Once the pitch has been estimated and coded (6-7 bits for pitch, 2-3 bits 
for voicing depending on the rate) it is used to determine a quasi-harmonic set of 
frequency bins which are applied to the original sine-wave set to assign one sine- 
wave per bin. A piece-wise linear envelope is fitted to the resulting set of amplitudes 
and frequencies and a piece-wise constant envelope is fitted to the resulting set of 
phases. If these envelopes are sampled at the harmonics of the coded pitch then 
very high quality, highly intelligible synthetic speech can be generated. The goal is 
to try to code these harmonic samples as efficiently as possible. 

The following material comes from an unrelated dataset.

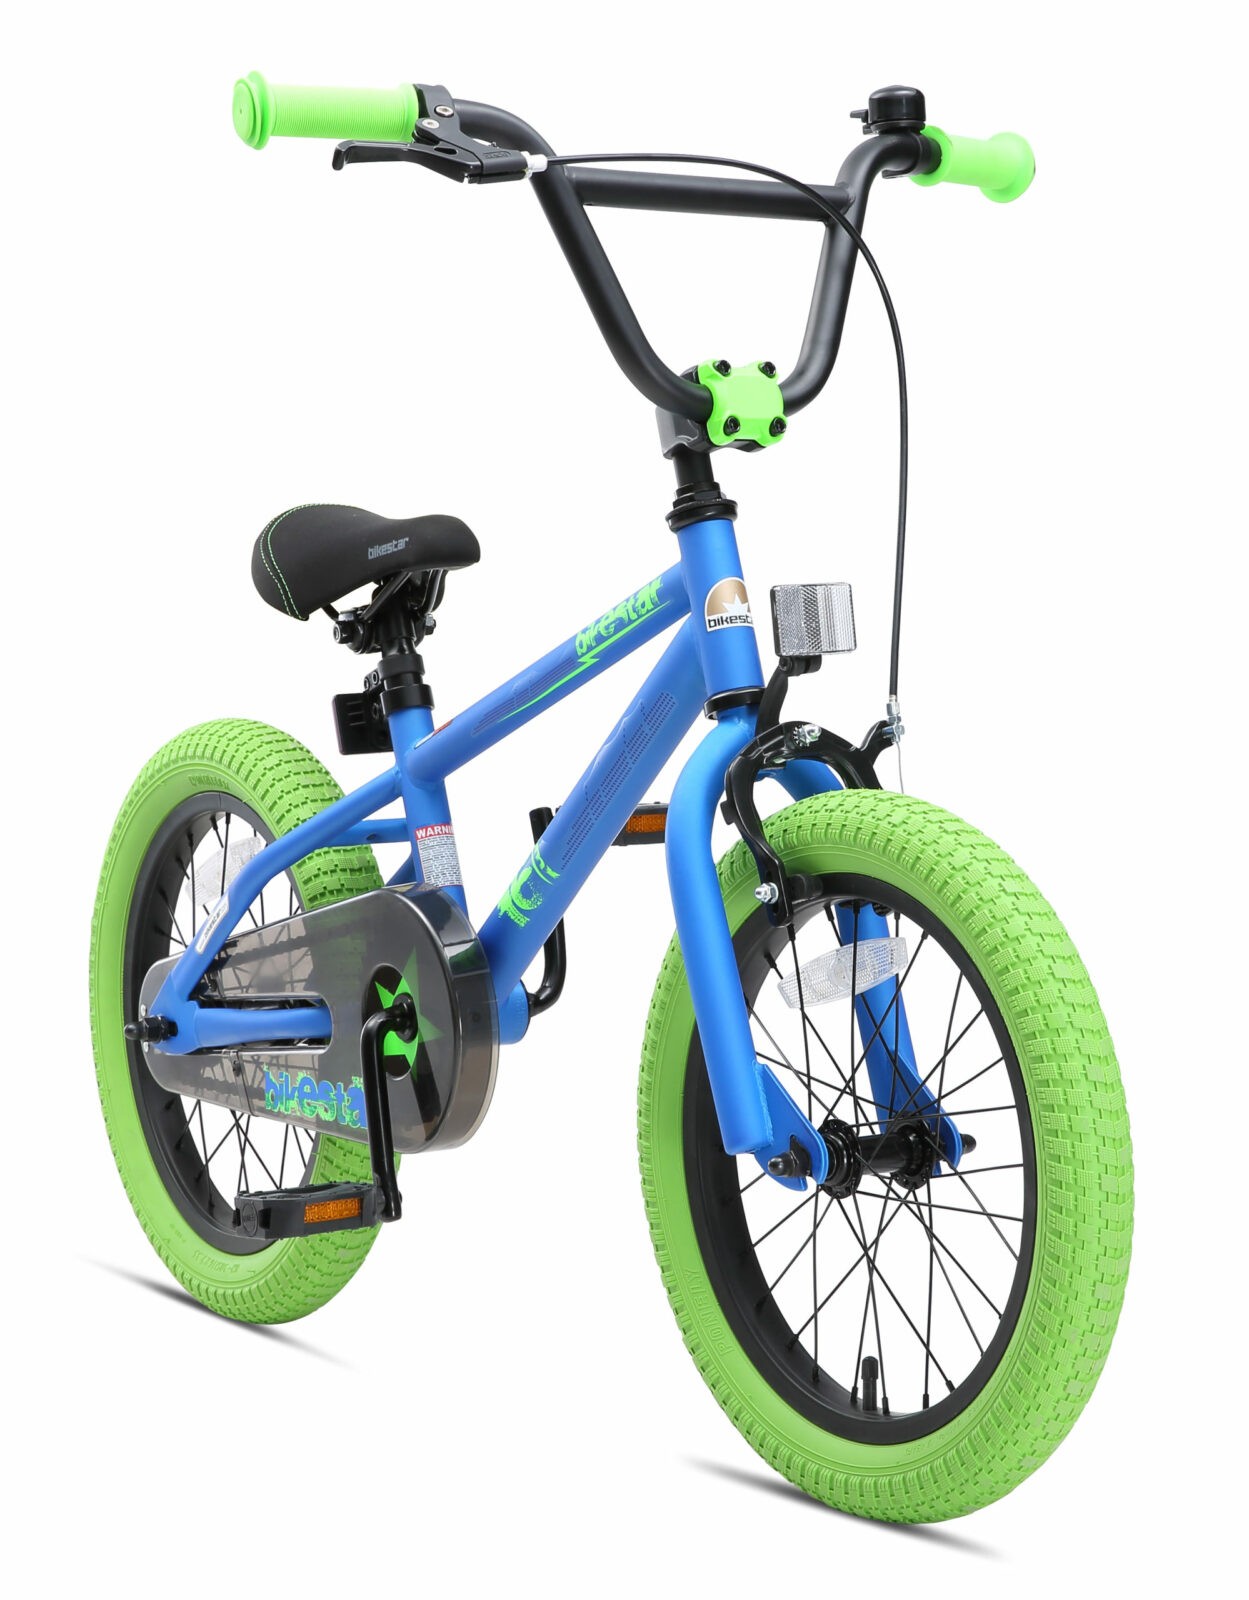 tegenkomen Aanbeveling versus Bikestar 16 inch BMX kinderfiets, blauw / groen - Fietsdirect

The first step in coding the amplitudes is to use the coded pitch to determine 
the number of sine-wave amplitudes that need be coded, which in turn determines 
the number of bits per amplitude. For a high-pitched speaker (170 Hz), all of the 
sine- wave amplitudes can be coded provided differential encoding is applied to the 
logarithmic values of the amplitudes of the neighbouring sine waves. The exact 
number of bits per differential is determined by the number of bits available at 
a given rate and the number of sine waves to be coded at that pitch. For low- 
pitched speakers it is not possible to encode all of the amplitudes, since for example 
a 50 Hz pitch corresponds to 80 sine waves which at even 1 bit per differential 
would require 4000 bps. which precludes operation at rates below 4800 bps. In 
the case of low-pitched speakers, therefore, only a certain number of the baseband 
sine waves are coded but then the frequency spacing between amplitude samples 
is increased logarithmically to exploit the critical band properties of the ear. The 
overall spectral level is preserved by coding the log-amplitude of the fundamental 
using 5 bits to cover a 90 dB dynamic range [McAulay/Quatieri, 1987]. The coding 
method is therefore similar to a channel vocoder [Holmes, 1980], for which the 
channel locations are pitch adaptive. 

For rates above 4800 bps assigning more bits to the amplitudes does not lead 
to significantly better quality. At these rates it is better to begin to code the phases 
of the baseband sine waves. This is done using straightforward PCM encoding 
techniques with 5 bits assigned to each phase. As the rate is increased more of the 
baseband phases are coded to use up the remainder of the coding budget. 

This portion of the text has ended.